*Work to complete*. How many lines in the records below contain the word "come"? Give only the number.

*Source material*.

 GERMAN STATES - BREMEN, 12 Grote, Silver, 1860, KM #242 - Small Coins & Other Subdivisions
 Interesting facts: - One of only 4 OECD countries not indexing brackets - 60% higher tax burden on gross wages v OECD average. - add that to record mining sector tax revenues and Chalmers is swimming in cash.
...
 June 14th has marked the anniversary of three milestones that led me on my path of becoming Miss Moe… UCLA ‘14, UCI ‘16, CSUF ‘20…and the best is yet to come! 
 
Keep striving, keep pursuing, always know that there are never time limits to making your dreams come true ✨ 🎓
==
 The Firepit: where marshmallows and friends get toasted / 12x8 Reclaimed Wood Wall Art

*Result of the task*. 2